Once one of the biggest department stores in the city, the firm officially known as Raphael Weill & Co. was born as Davidson & Lane in June of 1854. Weill joined the firm the following year and became a partner upon Lane's retirement in 1858. In 1863 they moved from quarters on Sacramento to the Lick block on Montgomery. Then in 1870 built their own building at Post and Kearny.

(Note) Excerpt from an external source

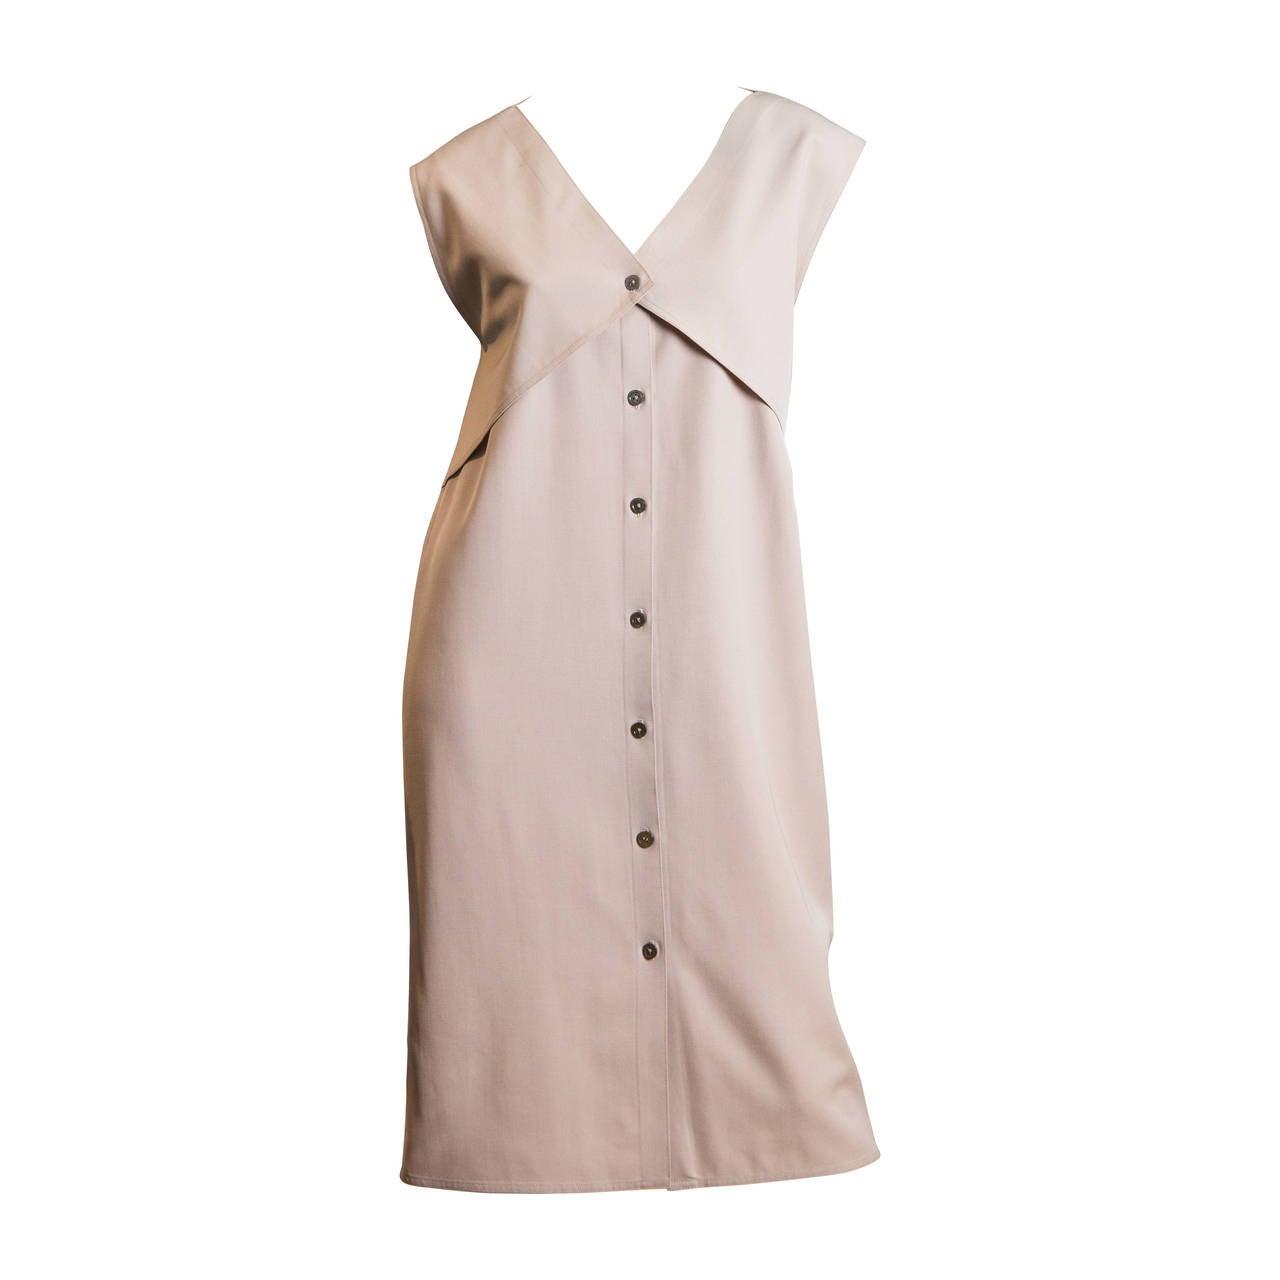 Minimalist Geoffrey Beene Dress

In 1885 Lane retired, and Weill continued with his brother, Henry Weill, Eugene Gallvis and Albert Roullier as partners. All four were French by birth and Jewish. Weill was legendary for his generosity. When the city - including his store - was destroyed in 1906, he donated 5000 dresses and ladies' suits to the relief effort. When a number of his staff were drafted in WWI, he kept them on his payroll at half wages for the duration. His was one of the first firms to offer vacation and sick pay. He was also a founding member of the Bohemian Club, in which he was very active, and served for a time on the Board of Education.
The store's name appears to stem from a resemblance between the Kearny store and the Grand Maison de Blanc in Paris. After the fire, Alert Pissis was hired to design the new building at Grant & Sutter. He chose a Beaux Arts design with Federalist overtones, probably more than coincidentally recalling the President's house in Washington DC.
The Store closed in the 1965, a victim of changing times. The building, however has survived. In another example of adaptive re-use, the first floor continues in retail as the flagship of the Banana Republic Stores, and the upper floors now serve as a parking garage.